Continuing from http://status.netnorth.net/2015/05/06/us-based-connectivity-issue/
We just started to receive monitoring reports showing the same level of packet loss as received earlier this morning.
We have removed the Level3 connectivity from our network immediately forcing re-routing of traffic.
We will contact Level3 for more information.
The following update has been received by Level3:
*** CASCADED EXTERNAL NOTES 06-May-2015 20:38:49 GMT From CASE: 9198136 – Event
The IP NOC detected a re-occurrence of the earlier packet loss issue. Investigations revealed that critical protocols were not functioning correctly on an edge device in Montreal. The protocols have been adjusted to restore services. Services and the health of the network have been validated as stable, and there are no further events expected.
We are not entirely happy with the explaination from Level3 that a single router in Canada can cause such disruption to so many US-based destinations (such as paypal, ebay and various monitoring stations).
We have requested a further escalation of our ticket with them.
We will continue to keep Level3 connectivity offline at the moment.
We have received a more in-depth and useful update from Level3 as follows:
“Level 3 can confirm that the issue was with traffic routing via Montreal instead of routing via New York.
The traffic affected which would normally route from London to New York was being routed via Montreal which was over utilizing the links in Montreal and causing latency and heavy packet loss.”
This makes much more sense and explains the issue.
We have re-integrated Level3 connectivity into our network.

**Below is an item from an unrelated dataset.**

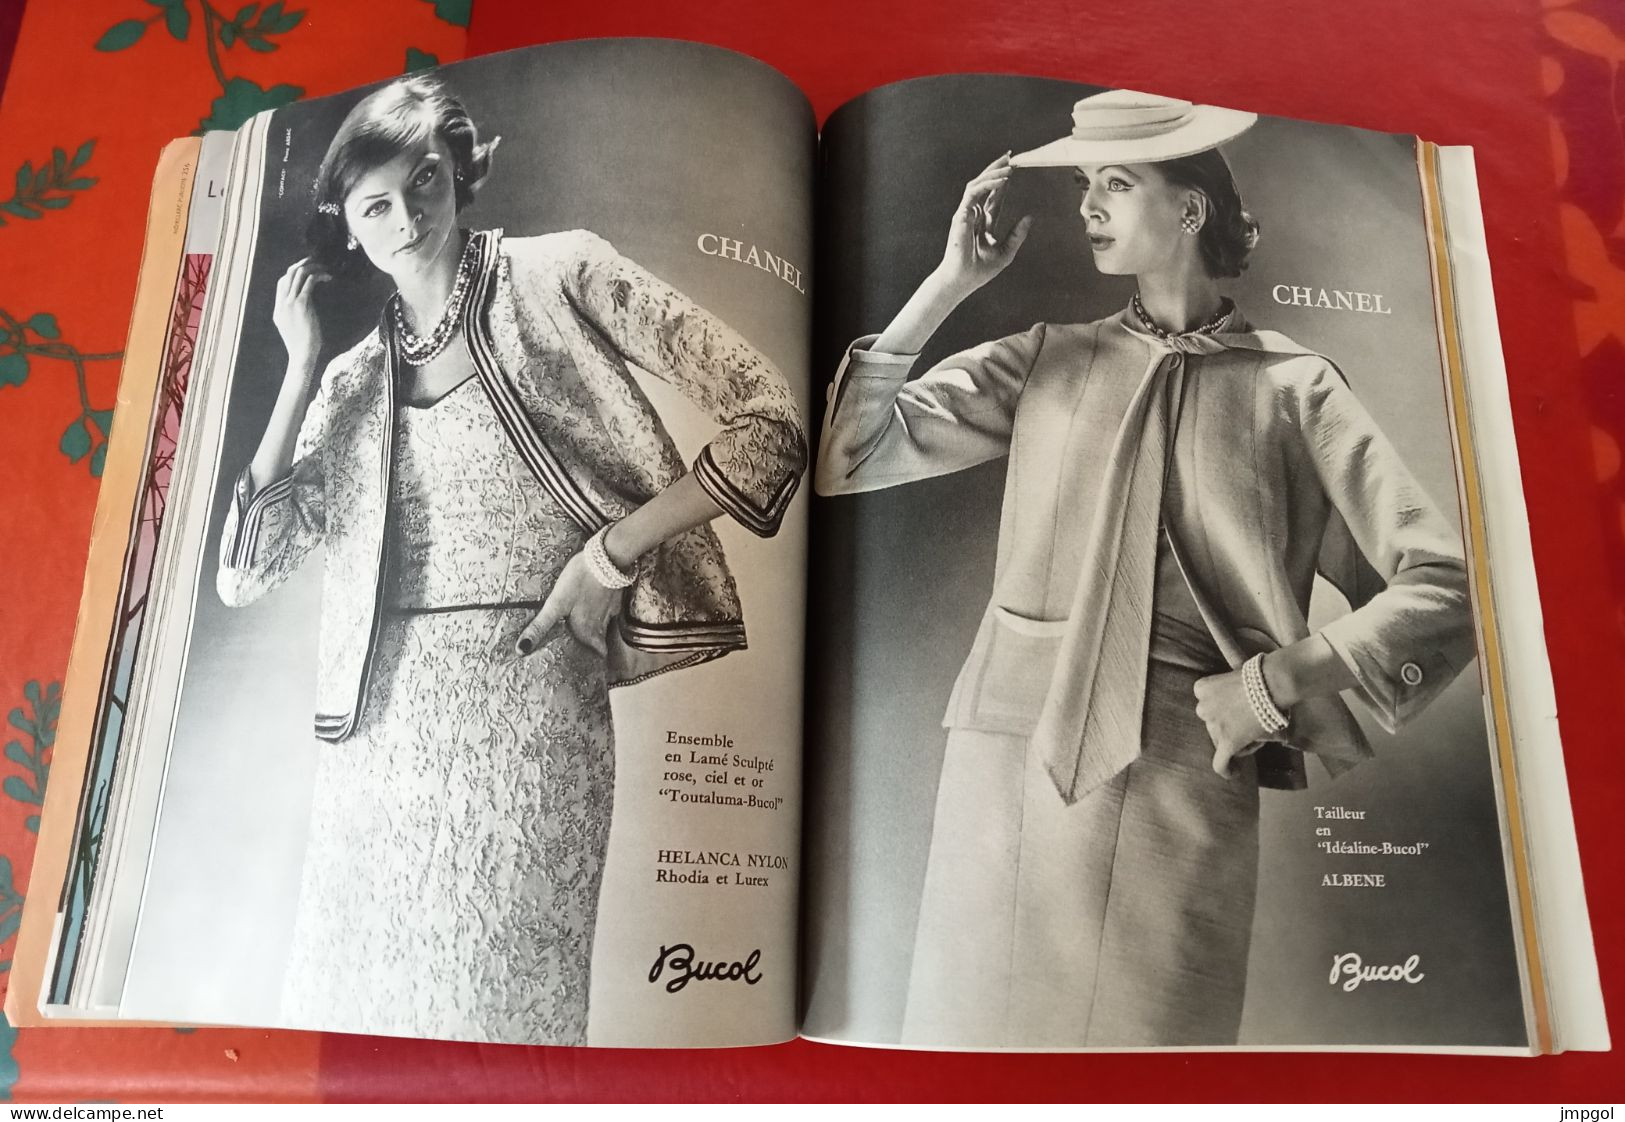 Vogue Mars 1959 Spécial Les Collections De Printemps Paris Tendance Grands Couturiers Carven  Jacques Heim Cardin Chanel - Lifestyle & Mode

We have attempted to reduce the use of this link by various traffic engineering policies on the circuit.
This is not guaranteed (BGP routing is inflexible), but should minimise any future impact should it reoccur.
A final update and analysis from Level3 has been received as follows:
“An in depth review of the issue with the backbone/edge access router in Montreal, Quebec was completed. The topology in Canada is unique in the network and lead to this issue. Specifically, policies were set up to keep traffic local to Canada. This was developed and validated ahead of time by engineering; however, due to the size and scope of the network, modeling did not review certain nuances that lead to this condition. Montreal, Quebec erroneously became the preferred route for a number of IP destinations in the network, thus saturating the aforementioned links into that market. Level 3 Management have been actively involved in the review of this case to ensure appropriate policies are in place to prevent future issues.”